Try it: Could you repeat exactly the lines below, from the line containing "500 athletes" through the last one, both included, while leaving out any pictures?

Source material:
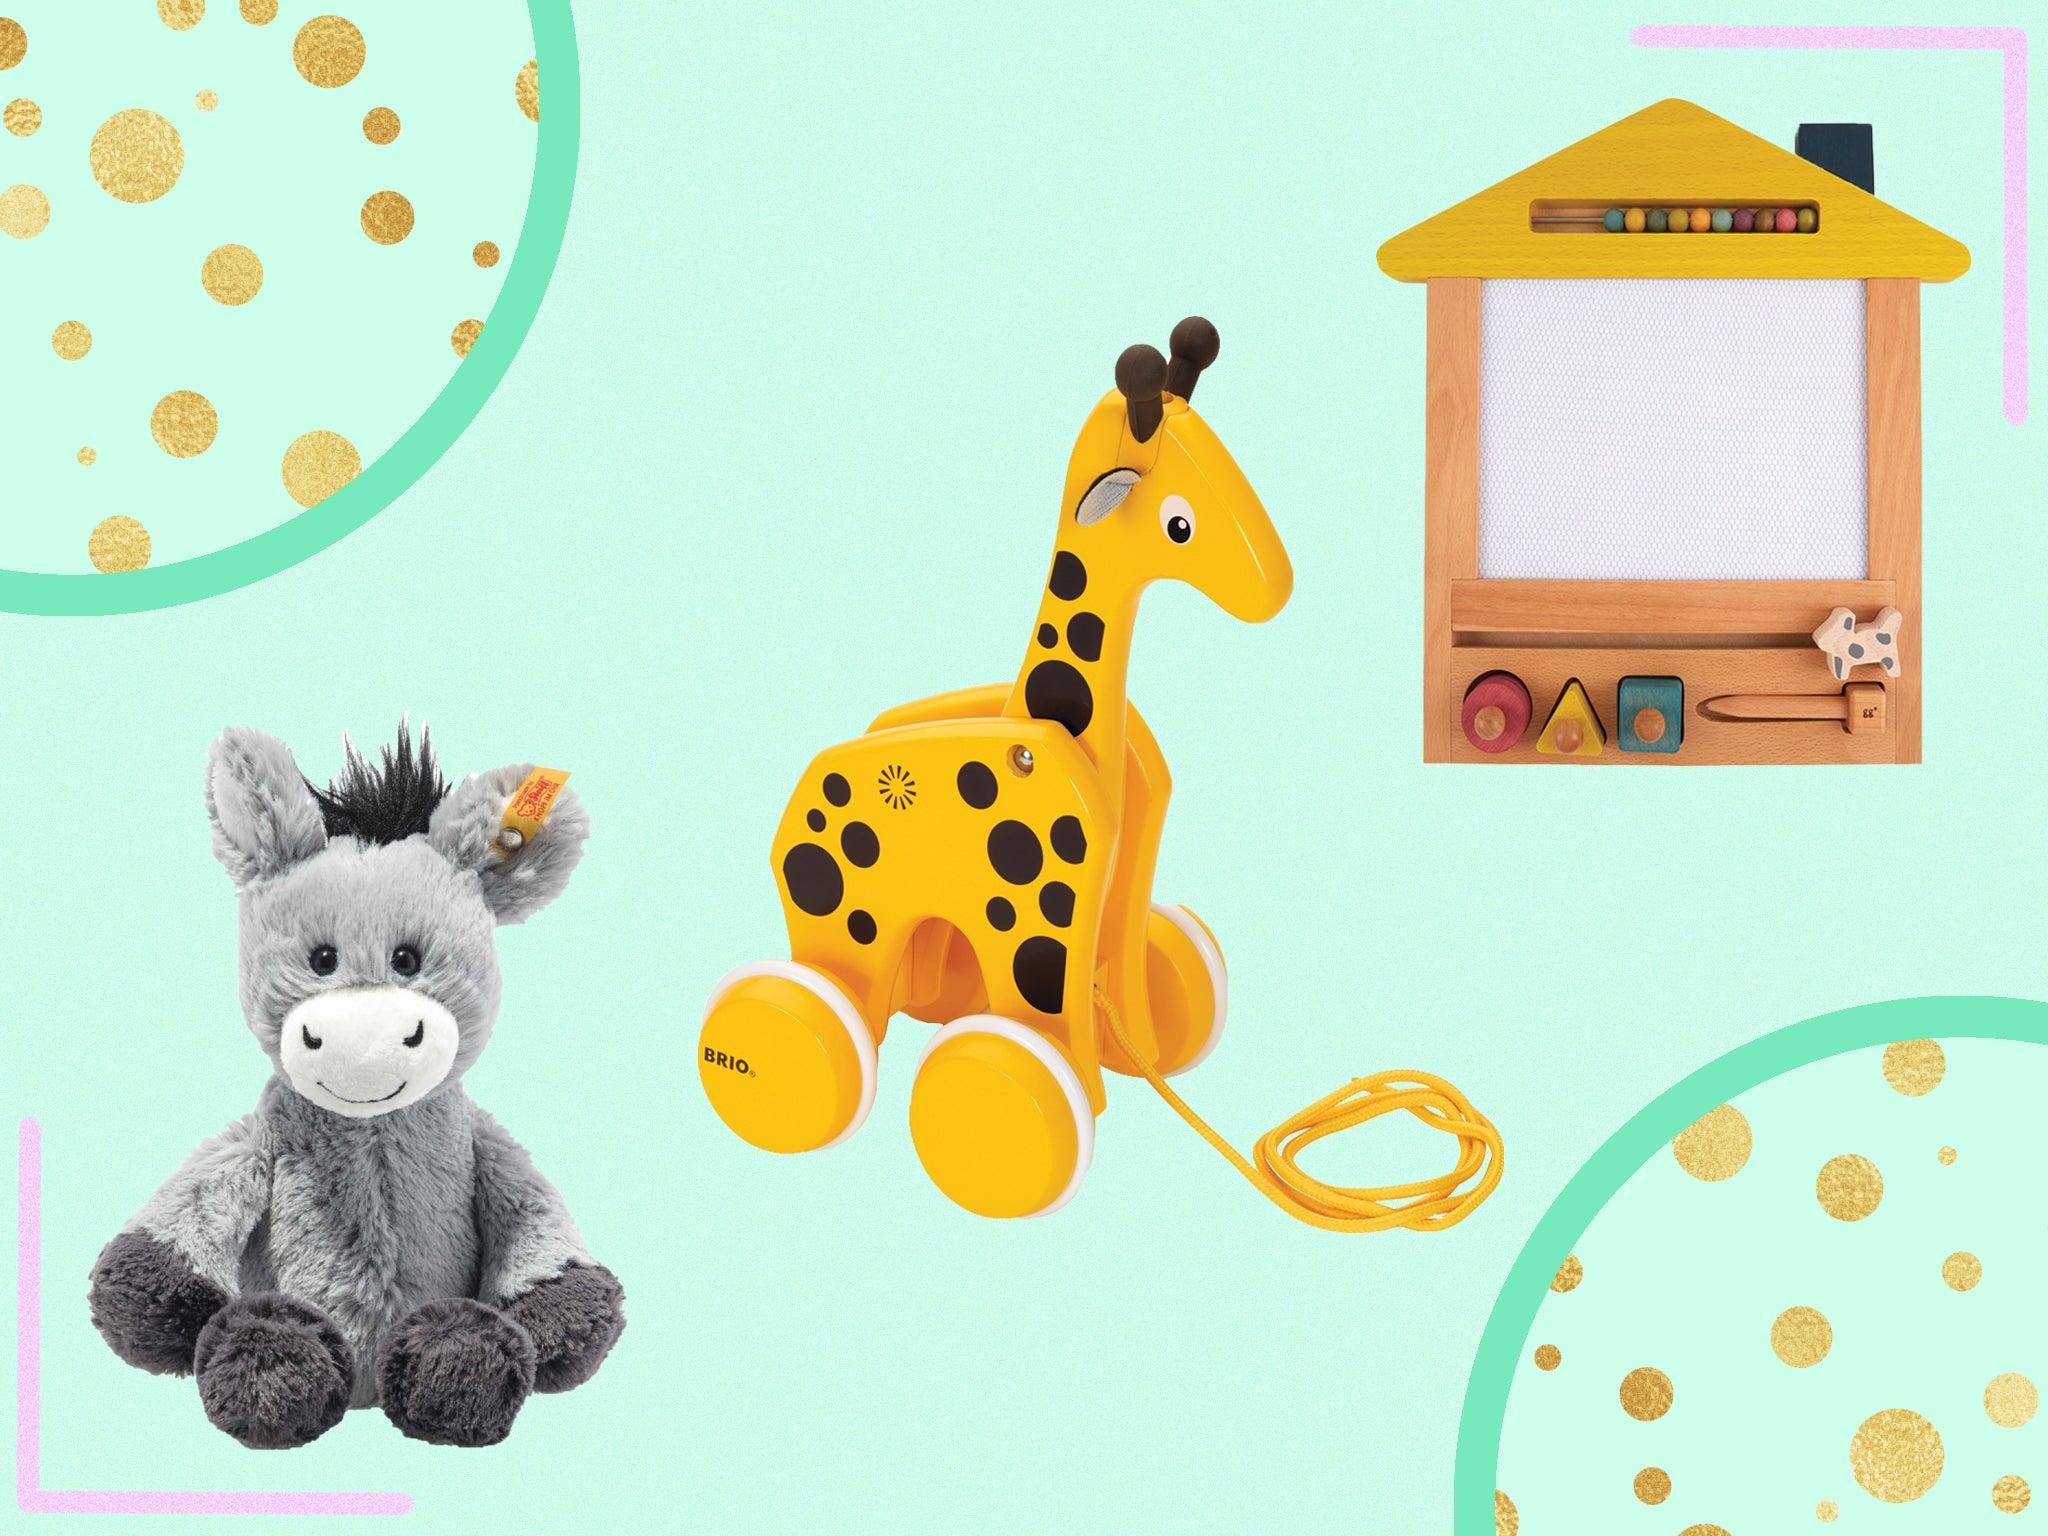 Award Winning Grey Toddler Activity Table Little Balance Box 2-in-1: No Wheels Spring Feet Girl Boy Baby Walker Push Stand Toys
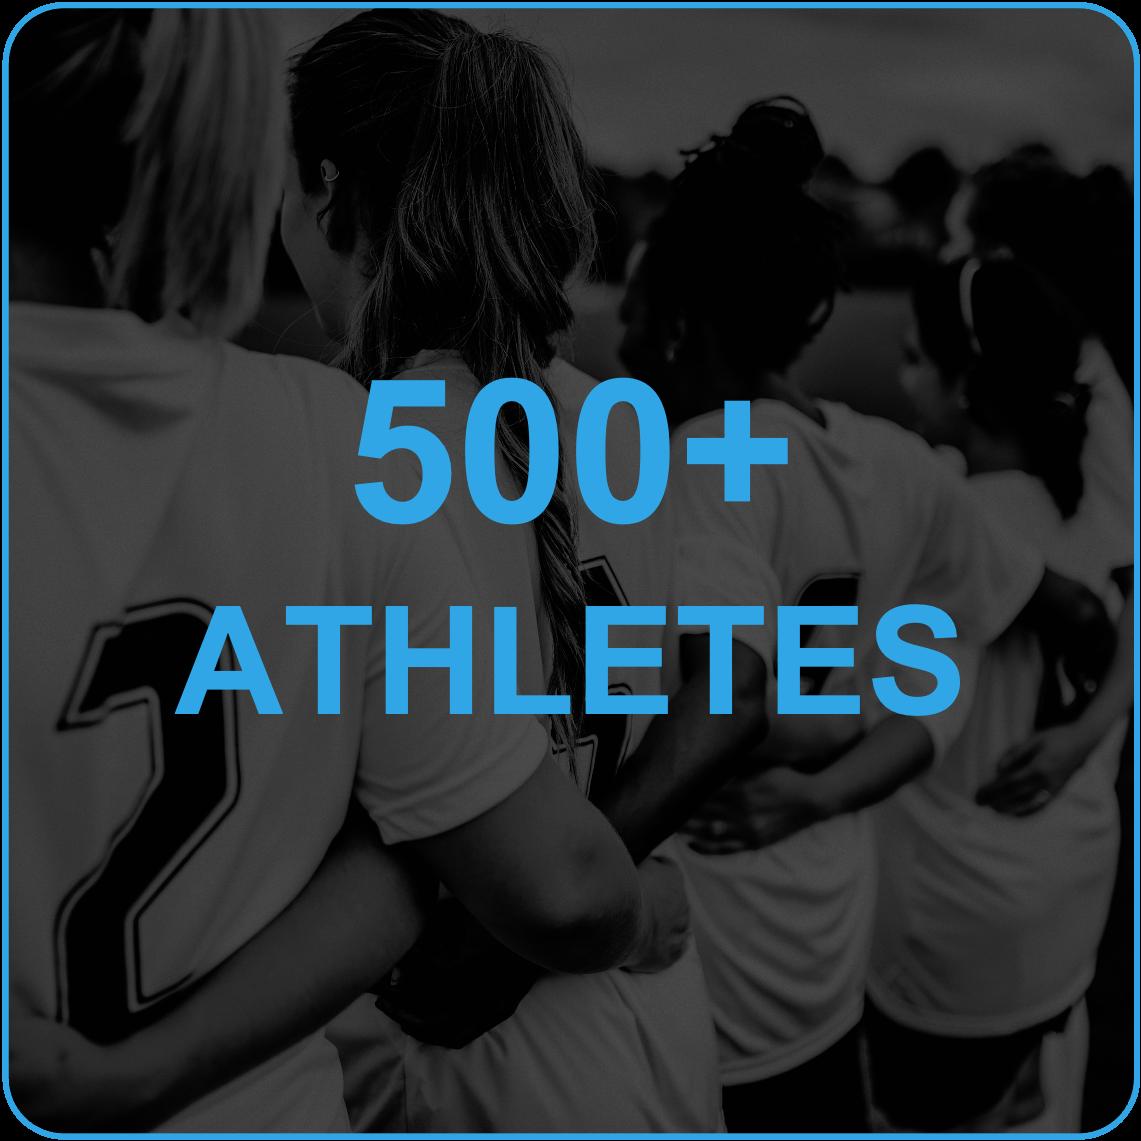 500 athletes
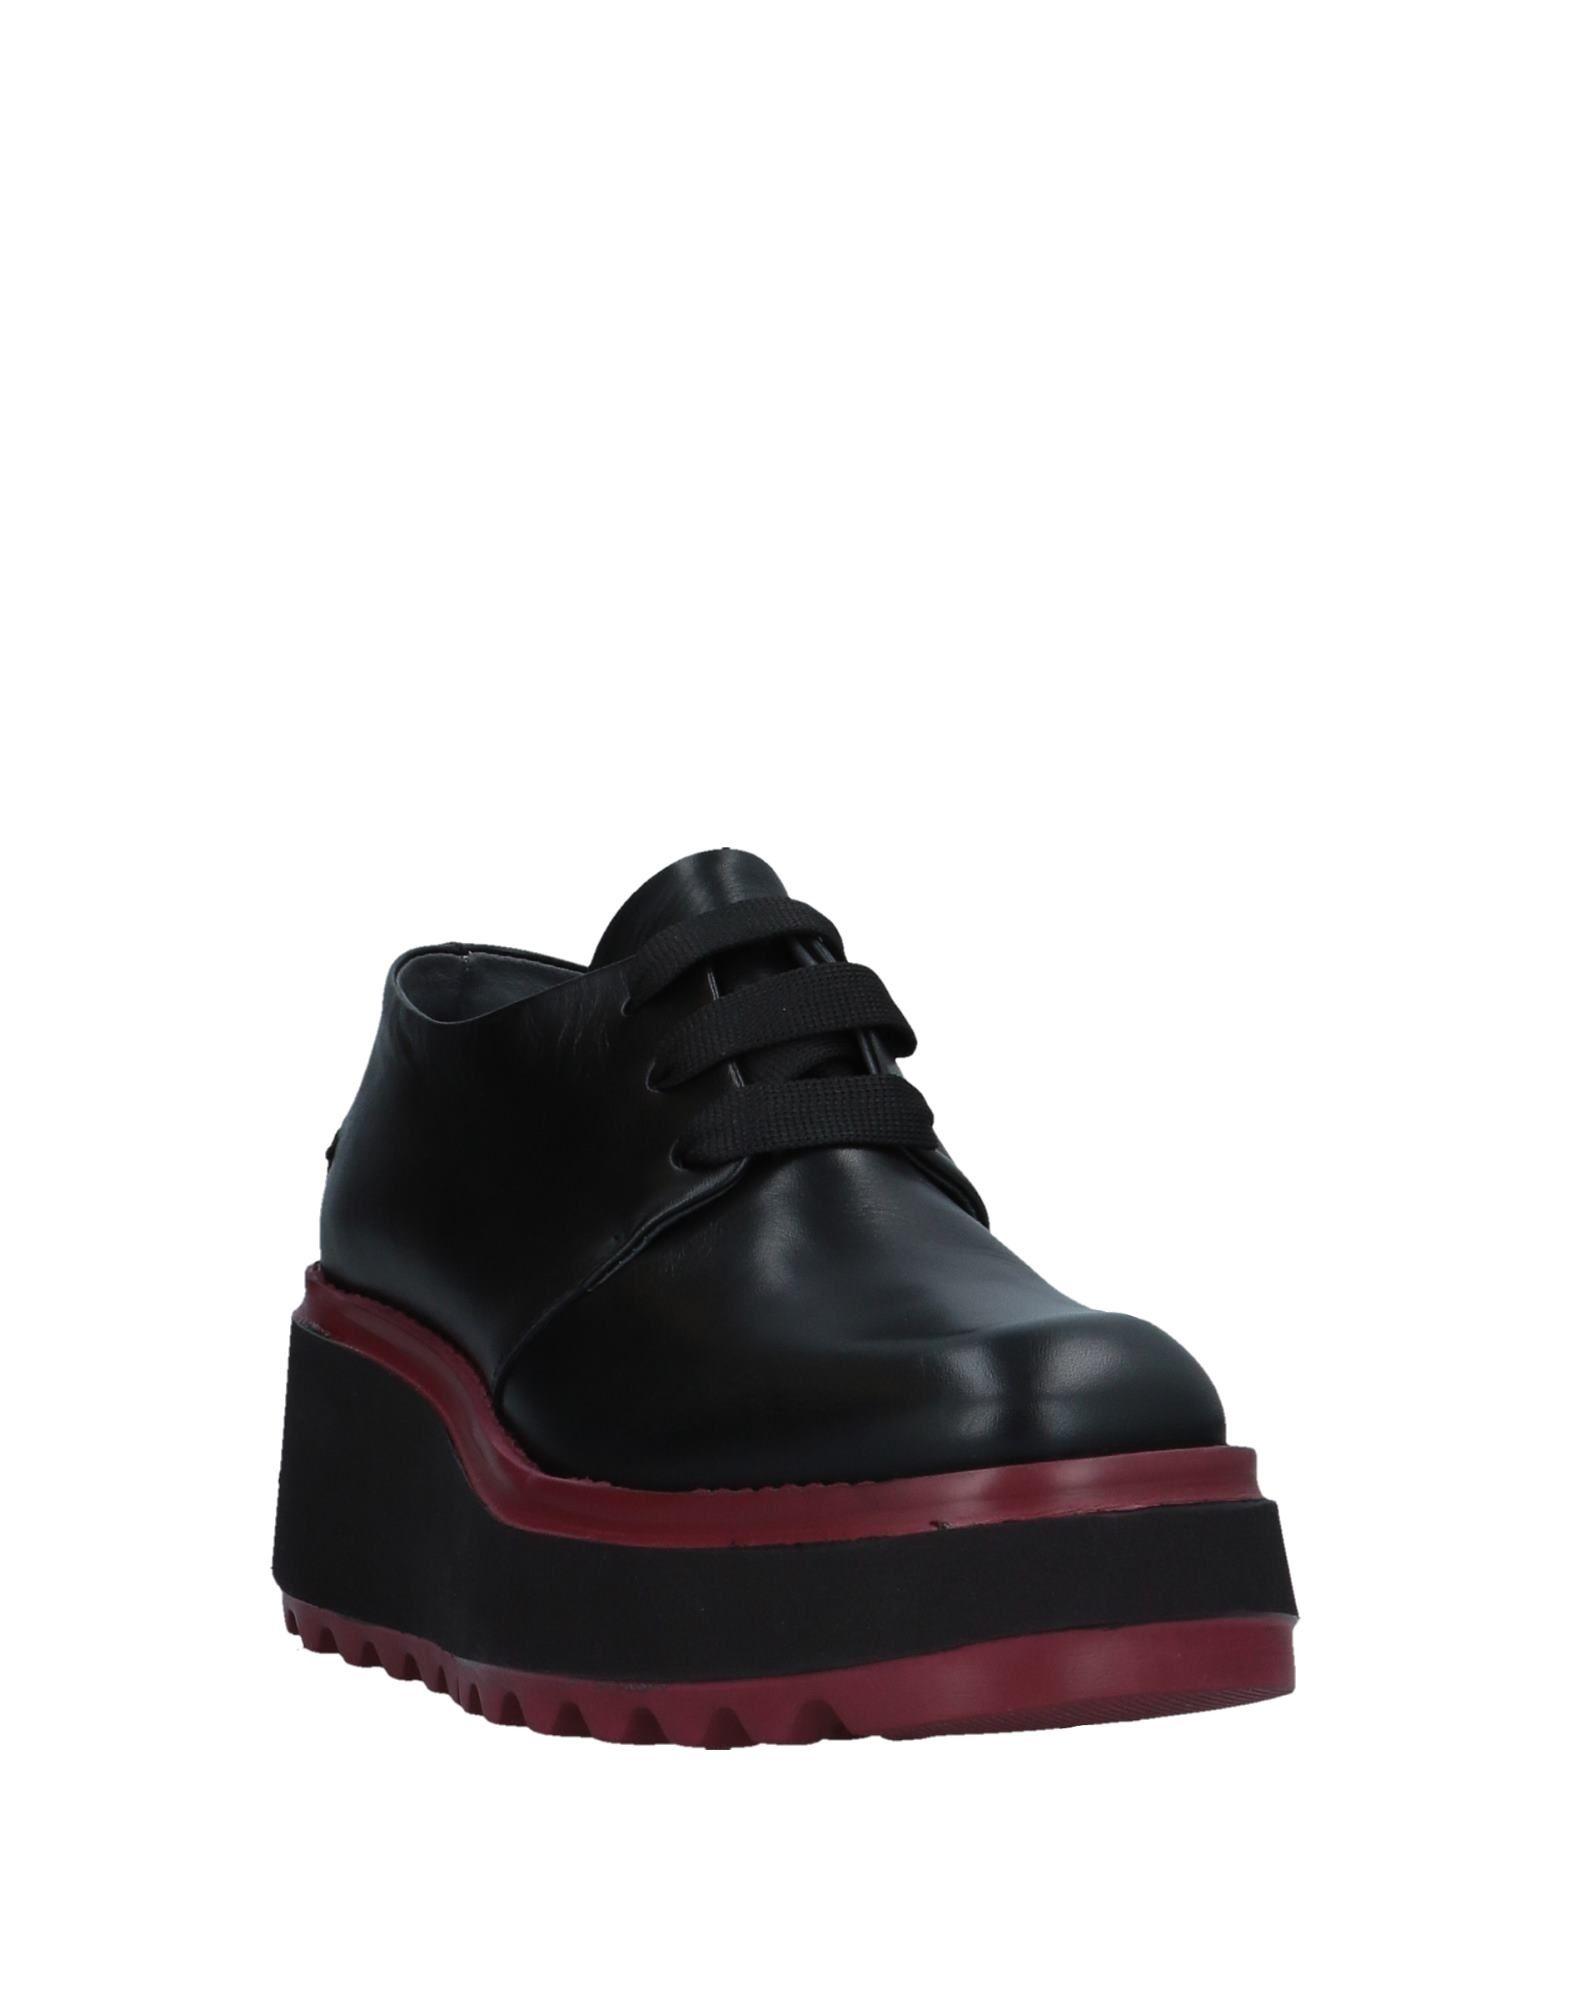 Patrizia Bonfanti Schnürschuhe Damen  11532254TU Gute Qualität beliebte Schuhe
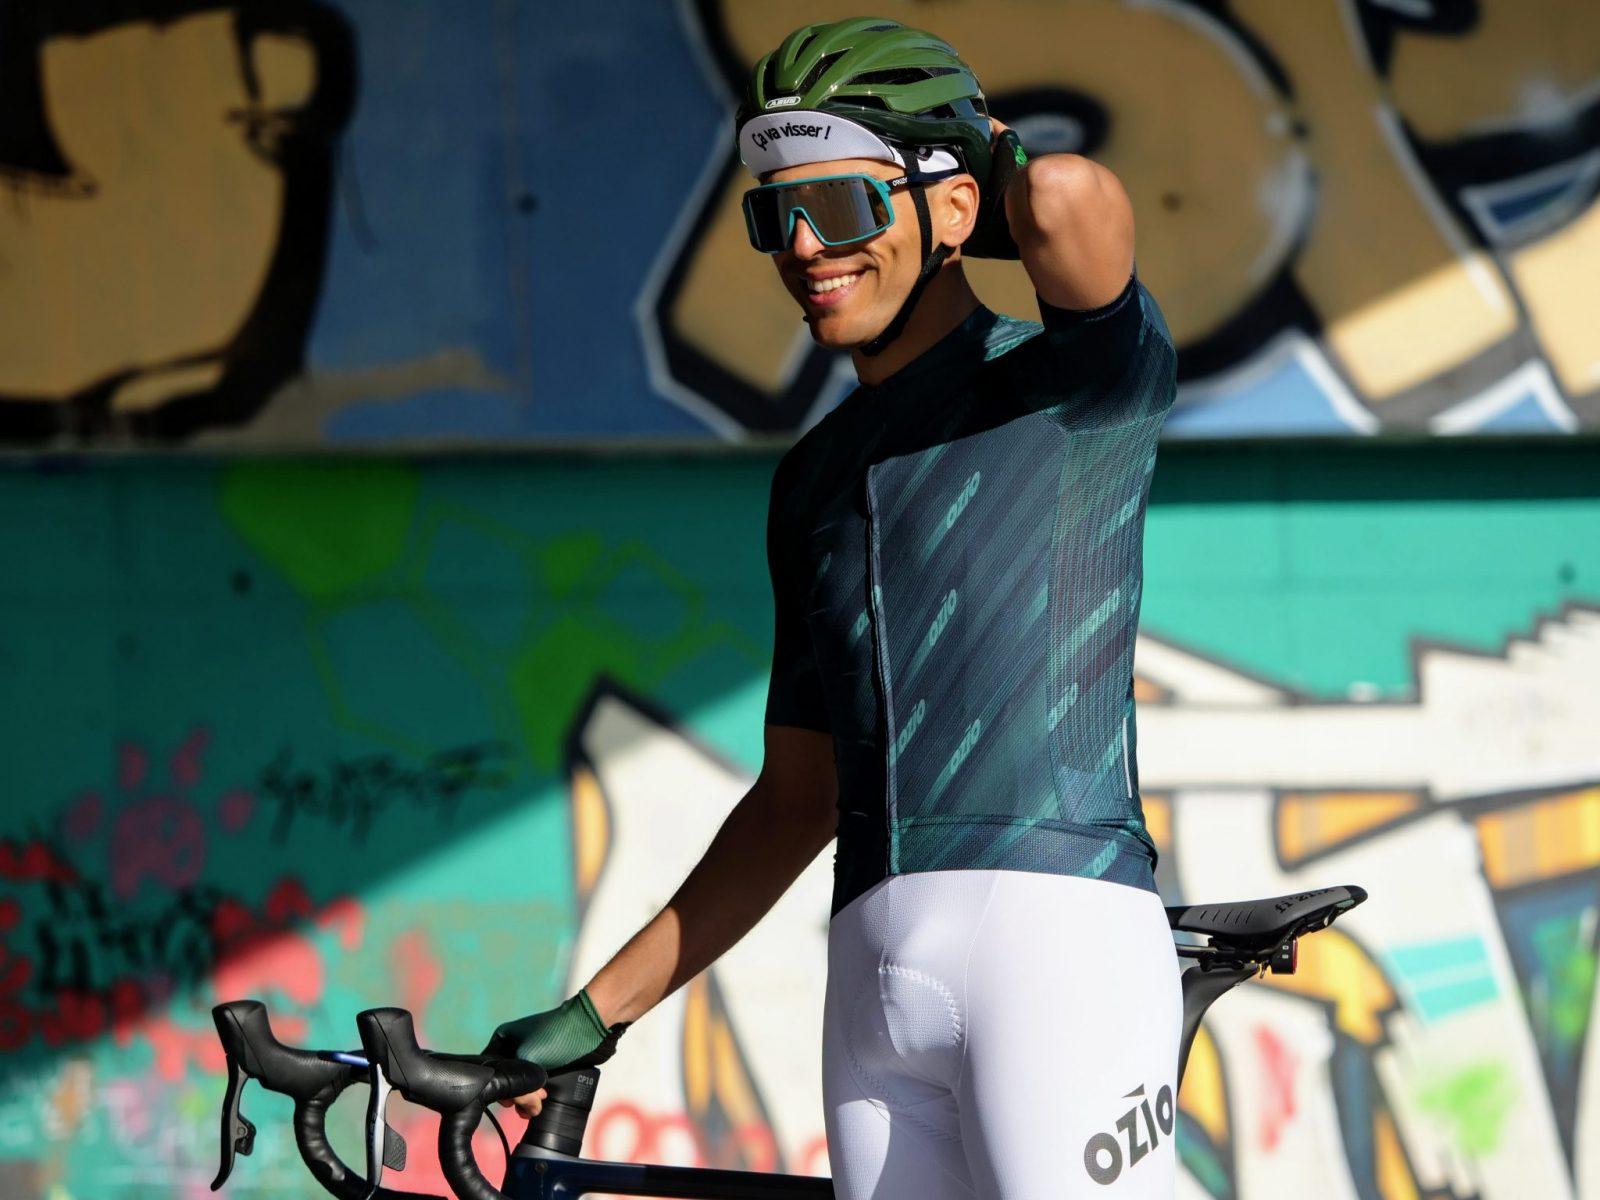 Cycliste cuissard vélo blanc ozio maillot vert

Final answer:
 500 athletes
 Patrizia Bonfanti Schnürschuhe Damen  11532254TU Gute Qualität beliebte Schuhe
 Cycliste cuissard vélo blanc ozio maillot vert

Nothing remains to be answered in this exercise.